3. Finally, wait a minute or two, then check status using `get_tts_job` until it confirms the final audio URL is available.

## Frequently Asked Questions

**How do I find the right voice using Lovo AI (Genny TTS & Voice Synthesis API)?**
Run `list_voices` first. This gives you a full catalog. If you narrow down a speaker, use `get_speaker` to verify its specific capabilities and tones before committing.

**What happens if my TTS job fails after using create_tts_job?**
The server will return an error code or status message. You'll need to review the error details provided by `get_tts_job` and adjust your source text or parameters.

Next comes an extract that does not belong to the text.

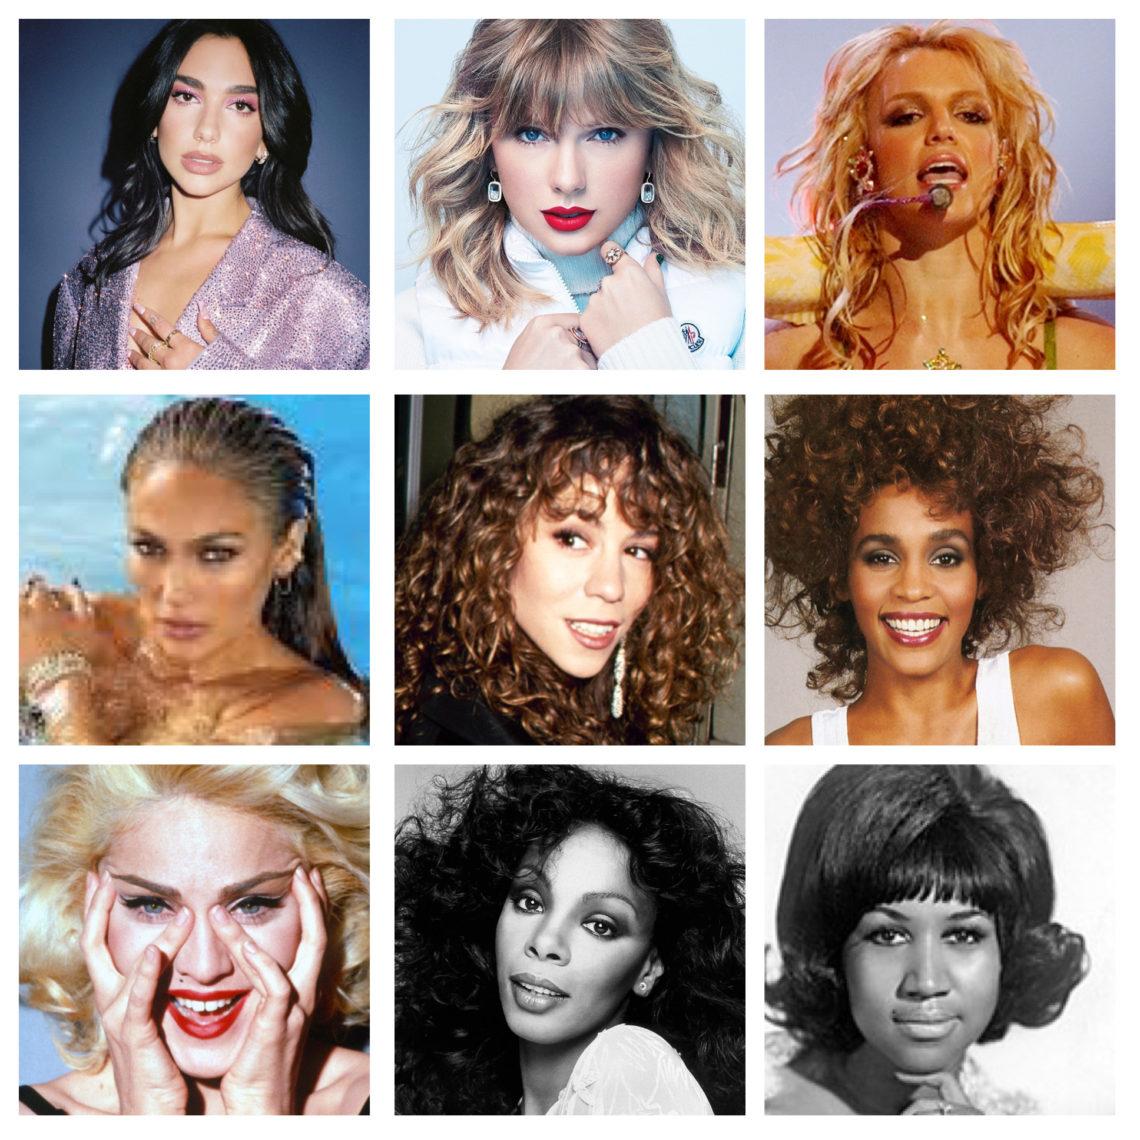 Best Pop Music Diva

**Can I change the voice after running create_tts_job?**
No, you can't edit a job in progress. You have to run `create_tts_job` again with the new speaker ID and updated text.

**How do I make sure my agent uses American English voices?**
Use `list_voices` and filter by language or check a specific voice's metadata using `get_speaker`. This confirms regional support before generating content.

**What do I need to provide when using the `create_tts_job` tool?**
You must supply your Lovo Genny API Key for the agent to connect. This key authenticates all requests, allowing the system to process the text-to-speech job and assign a unique Job ID.

**How do I check if my audio file is ready after calling `get_tts_job`?**
The response status will change from 'Processing' to 'Complete.' Once marked complete, the tool returns a direct URL. You use this link to access and download your finalized audio asset.

**Are there rate limits when running multiple jobs using `create_tts_job`?**
Yes, Lovo AI enforces usage caps on job submissions. If you exceed the allowed volume, your agent will receive an error code (429). You'll need to pause and wait for the quota to reset.

**What specific metadata can I retrieve using the `get_speaker` tool?**
You get more than just a name. The tool returns detailed specs like supported emotional styles, language codes, and pitch ranges. This data helps your agent choose the perfect speaker for niche content.

**How can I find the right voice ID for my project?**
Use the `list_voices` tool. It returns a comprehensive list of speakers including their IDs, names, and supported styles. You can then use `get_speaker` with a specific ID to see more detailed information.

**Can I adjust the emotion or speed of the generated voice?**
Yes! When using `create_tts_job`, you can provide an optional `speed` (number) and `style` (e.g., 'cheerful', 'sad', 'normal') to customize the output to your needs.

**How do I get the final audio file once the job is submitted?**
After creating a job, use the `get_tts_job` tool with the returned Job ID. Once the status is 'completed', the response will include the URLs to download your synthesized audio.